A 1950s landmark clings to life along Route66 in Rialto, home to those souls who are trying to start over at $45 a night.


Home is a green concrete tepee on a boulevard of barred buildings and weedy lots. Rudy Rios arrived late at the Wigwam Motel--50 years after it became a novelty stopping place for families driving west to Los Angeles. He got here the way so many guests now do, through hardship, after a divorce left him homeless.

"Sometimes," Rios said, "you come out with nothing."

The Wigwam would be just another low-rent motel on Foothill Boulevard, at the Rialto and San Bernardino border, if not for its striking architecture and iconic status on historic Route 66. The 20 tepees left over from 1950 are all 30 feet tall and clustered like an Indian village. The motel's new management has repainted them--blue, red, lilac, yellow and pink--and put in fresh carpet, microwaves and small refrigerators. The air conditioners are working again.

Still, the Wigwam's decline all but blazes in neon. The pool is empty even in the summer heat, barricaded by a chain-link fence. The lawn is dead. The roadside marquee--which suggested, "Do It in a Tepee"--is broken out, and the wooden Indian below it is badly splintered.

Few cars cross the cracked asphalt on weekdays, despite room rates of $45 a night. Fridays and Saturdays get busier, partly because of nightclubs in Rialto.

Rios, a 52-year-old machinist, moved in nearly two years ago. He and his girlfriend, Jennie, pay by the week--a little less than $200. For a while, he was embarrassed by his address. But the Wigwam is no worse than a studio apartment. The grounds are quiet, no longer the domain of young children.

The tepees are roomier than they appear. He and Jennie have a queen-size bed, a small table with chairs, a full-size refrigerator and a bathroom. Blue curtains frame a tiny window covered by exterior bars. Over the bed hang a framed picture of Jesus, and--on the ceiling--a broken mirror. Every tepee has a mirror above the bed.

"For two people, it's great. This is ideal," Rios said. He has watched movies being filmed. People still drive by to snap pictures. Managers are "trying to build it back up," Rios said, "and they should, because a lot of our landmarks are being torn down."

At least two Wigwam motels are known to exist; another is in Holbrook, Ariz. A chain once extended as far east as Kentucky, where the original Wigwam was built in the 1940s, according to Jim Heimann, author of "California Crazy and Beyond: Roadside Vernacular Architecture." Buildings shaped like giant toads, dogs, windmills and the like--which proliferated more than half a century ago--are nearly gone now.

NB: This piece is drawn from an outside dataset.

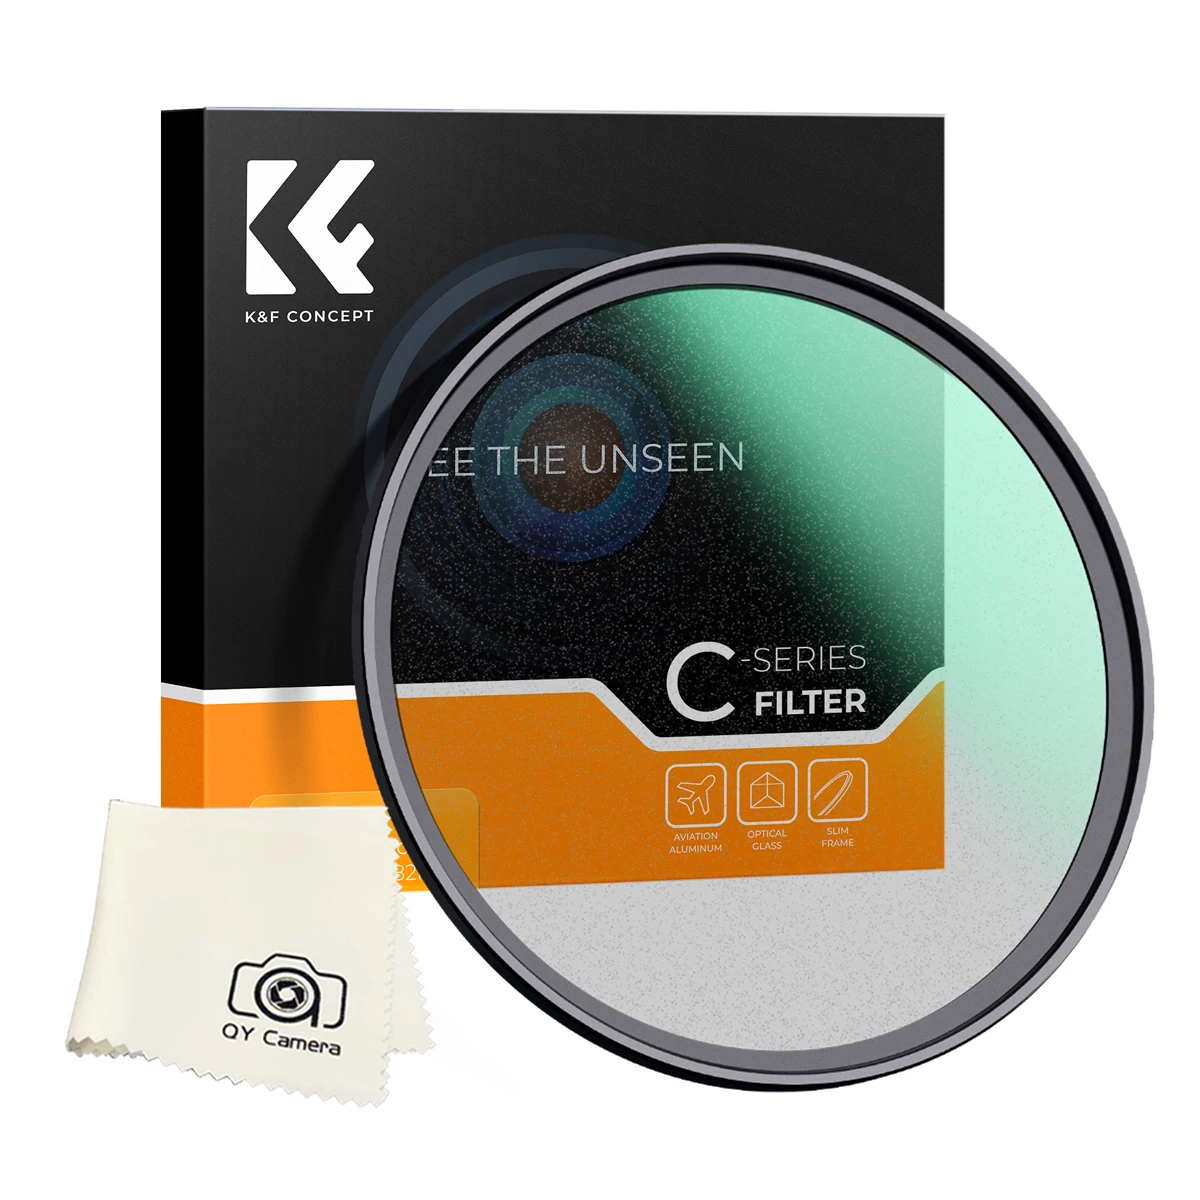 

K&F Concept Lens Diffusion Filter 49mm 1/1 Black Pro Mist Antireflective Coating Sony 50mm f/1.8 E C Series

"I'm always shocked," Heimann said, "whenever these buildings manage to stay up."

Jim Conkle, executive director of the California Route 66 Preservation Foundation, noted that the famed thoroughfare from Chicago to Los Angeles gave rise to innumerable examples of outlandish design and popularized roadside neon. After crossing the Mojave Desert, families of the 1950s often spent their last night on the road at the Wigwam before motoring on toward Disneyland, Conkle said.

The pouring of the San Bernardino Freeway in the 1970s, a few miles away, drained the lifeblood from the highway. The Wigwam's owner, Chen Lung Kuo, paid $235,000 for the property in 1993. He leases it to Suresh Patel, who funded recent improvements and installed his son, Manish Patel, as manager.

Manish lives in the only tepee with a TV antenna sticking out the top. He sleeps on a blanket on the floor. His TV shares space with a lone security monitor.

Patel, who is well-liked by the long-term guests, turns away a sizable share of the prospective patrons because he doesn't want prostitution or drug abuse in the rooms. To help with refurbishment, he allows Jay Johnson, 51, to stay for free in an orange tepee near the highway in exchange for doing painting and maintenance.

Asked about the lawn, Johnson admitted that the sprinkler system is ruined. "I had it up and running last year, or the year before," he said. "But when customers come, especially kids, they kick the sprinklers and break them."

Johnson spoke evasively about his past. He moved out here from South Los Angeles. He was married once. "That's over," he said, "and it's all personal."

Some guests express a nostalgic affection for the Wigwam. Frank Estrada, who will turn 40 next week, spoke fondly about his first stay, in 1964. His family had left Lewiston, Maine, to move west, and "we came right here. As a matter of fact, it was the next room over." The tepees featured patterned Indian carpet then, and fire pits outside.

Estrada, a railroad employee, is back after all these years because of being laid off. His wife, Yrayna, who supports them both with her job at Molly Maid, was not exactly thrilled to be moving into the cone-shaped room two months ago, but she's grown to like the place. "It's quiet--no traffic going in and out."

"She's fascinated with the mirror," Estrada joked. The other guests are mostly like themselves, he said. "People in transition, between jobs. People passing through."